The final objective can thus be written as:

\[\begin{align} E(\theta_f, \theta_y, \theta_d) &= \mathcal{L}_y(\theta_f, \theta_y) - \lambda \mathcal{L}_d(\theta_f, \theta_d) \tag{1}\\ \theta_f^\ast, \theta_y^\ast &= \arg\min E(\theta_f, \theta_y, \theta_d) \tag{2}\\ \theta_d^\ast &= \arg\max E(\theta_f, \theta_y, \theta_d) \tag{3} \end{align}\]

Gradient Reversal Layer

Applying standard gradient descent, the DANN objective leads to the following gradient update rules:

\[\begin{align} \theta_f &= \theta_f - \alpha \left( \frac{\partial \mathcal{L}_y}{\partial \theta_f} - \lambda \frac{\partial \mathcal{L}_d}{\partial \theta_f} \right)\\ \theta_y &= \theta_y - \alpha \frac{\partial \mathcal{L}_y}{\partial \theta_y} \\ \theta_d &= \theta_d + \alpha \frac{- \lambda \partial \mathcal{L}_d}{\partial \theta_d} \\ \end{align}\]
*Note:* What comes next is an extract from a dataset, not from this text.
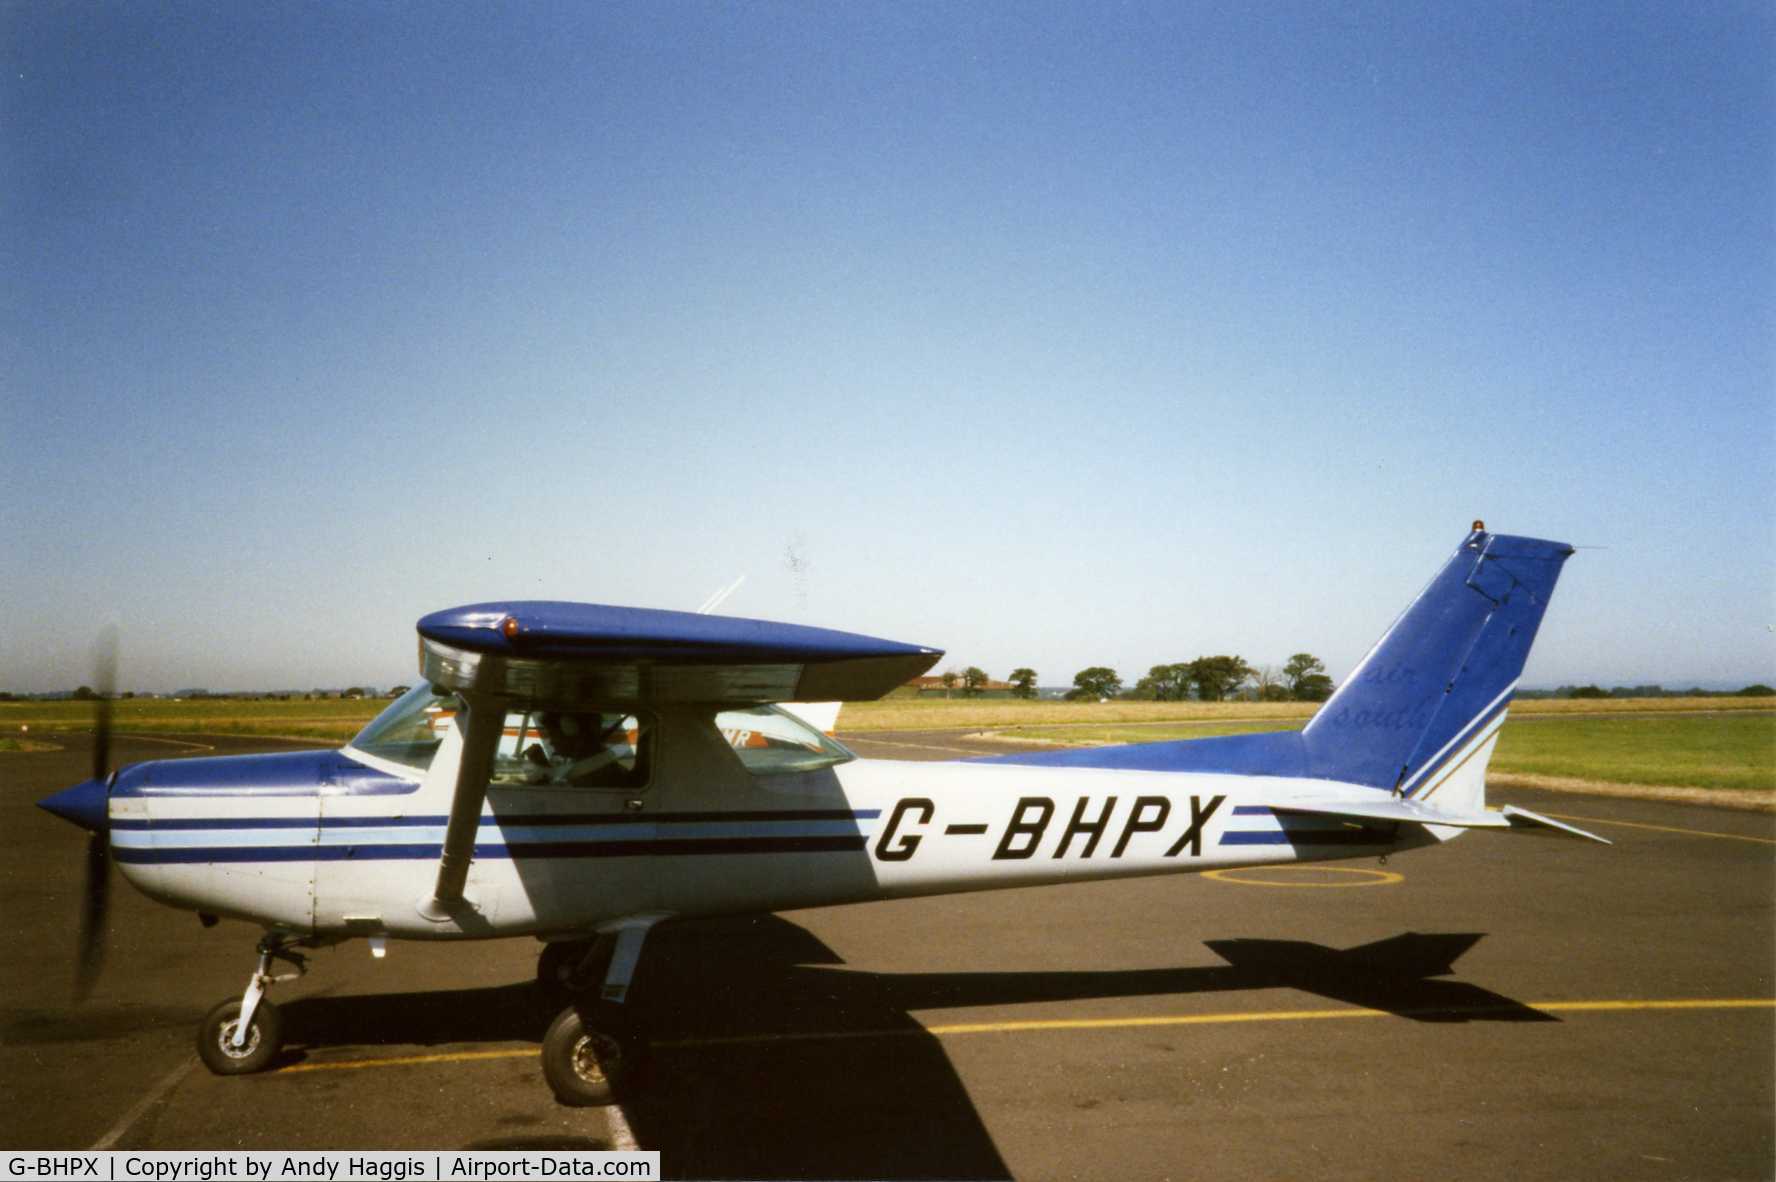 G-BHPX, 1978 Cessna 152 C/N 152-82994, Taken at Carlisle Airport, being used by Cumbria Aero Club, 1997

In the case of neural networks, the gradients of the loss with respect to parameters are obtained with the backpropagation algorithm. The current system equations are very similar to the standard backpropagation scheme, except for the opposite sign in the derivative of $\mathcal{L}_d$ with respect to $\theta_d$ and $\theta_f$. The authors introduce the gradient reversal layer (GRL) to evaluate both gradients in one standard backpropagation step.

The idea is that the output of $\theta_f$ is normally propagated to $\theta_d$, however during backpropagation, its gradient is multiplied by a negative constant:

\[\begin{align} \frac{\partial \mathcal L_d}{\partial \theta_f} = \frac{\bf{\color{red}{-}} \partial \mathcal L_d}{\partial G_f(x)} \frac{\partial G_f(x)}{\partial \theta_f} \end{align}\]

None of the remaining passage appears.